## Description of the task:
Return all the data exactly, keeping the pictures out.

## Data extract:
◇ ◇ ◇ ◇ ◇ ◇ ◇

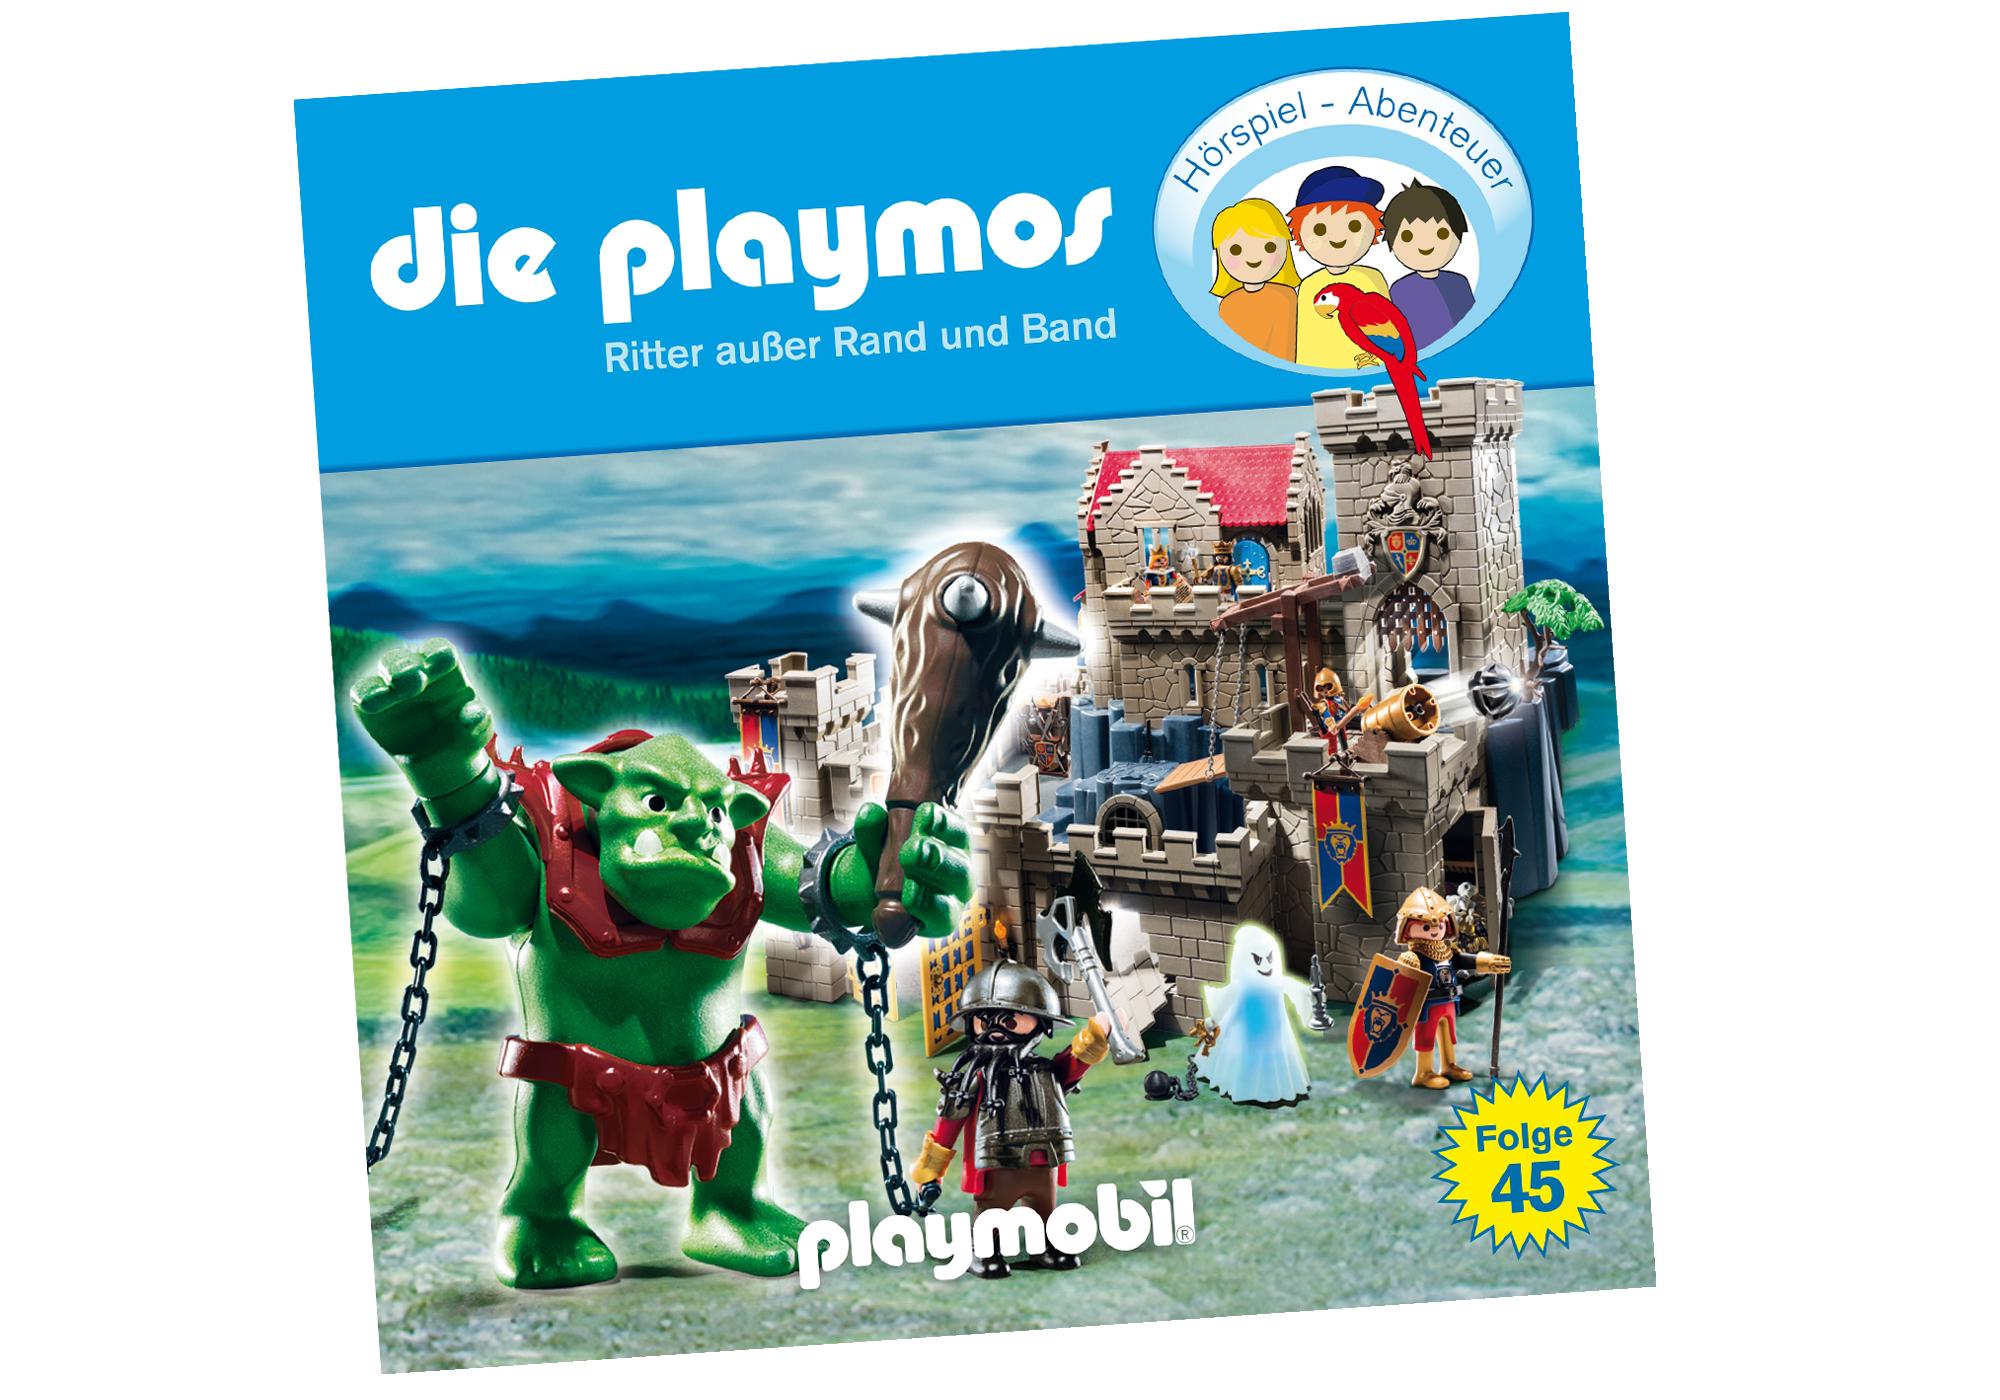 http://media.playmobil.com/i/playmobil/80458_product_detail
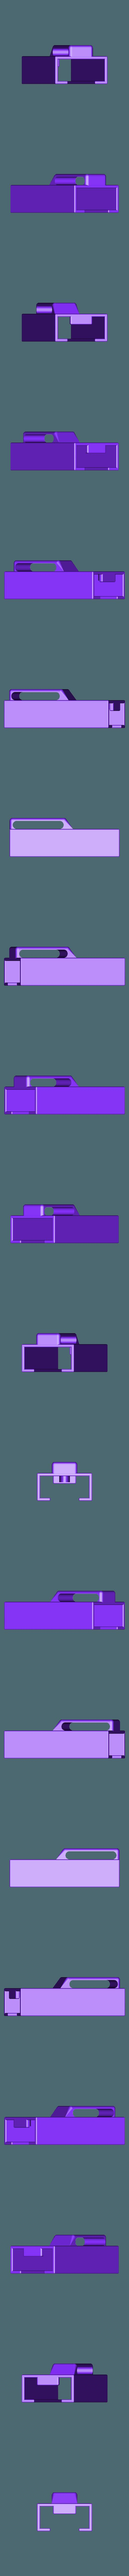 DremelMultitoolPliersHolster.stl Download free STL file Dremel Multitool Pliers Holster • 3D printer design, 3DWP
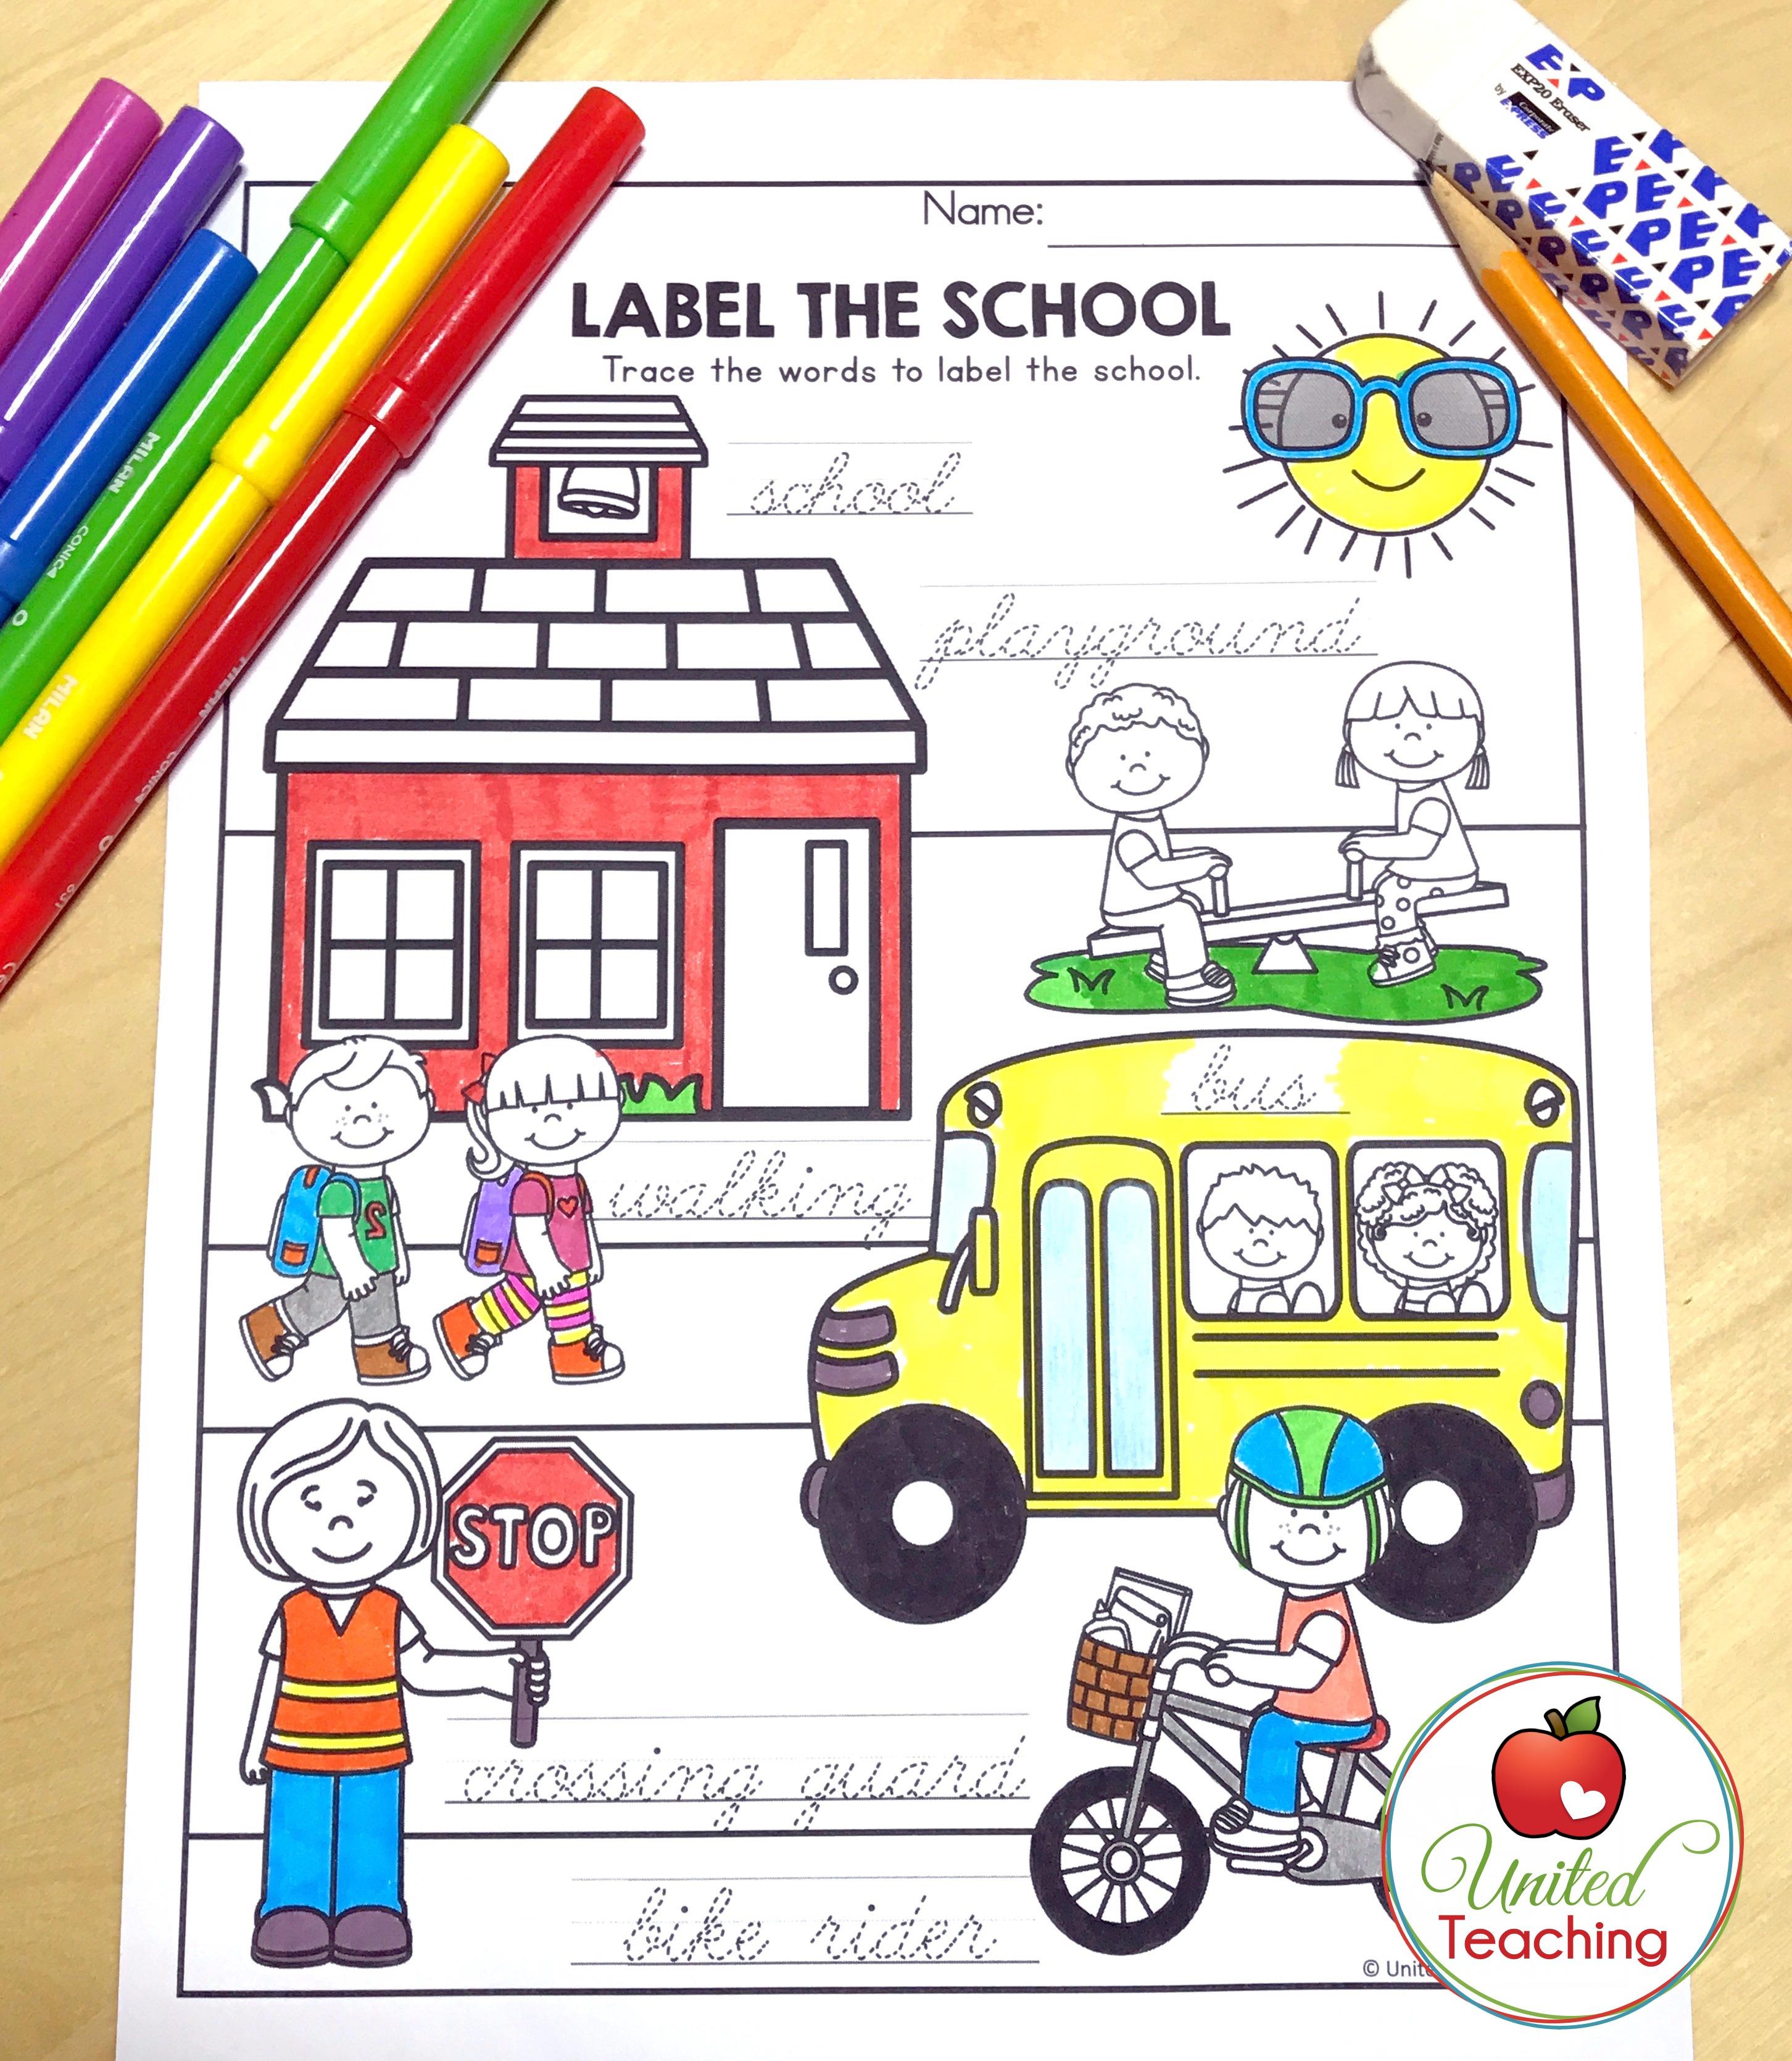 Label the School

◇ ◇ ◇ ◇ ◇ ◇ ◇

## Task result:
 http://media.playmobil.com/i/playmobil/80458_product_detail
 DremelMultitoolPliersHolster.stl Download free STL file Dremel Multitool Pliers Holster • 3D printer design, 3DWP
 Label the School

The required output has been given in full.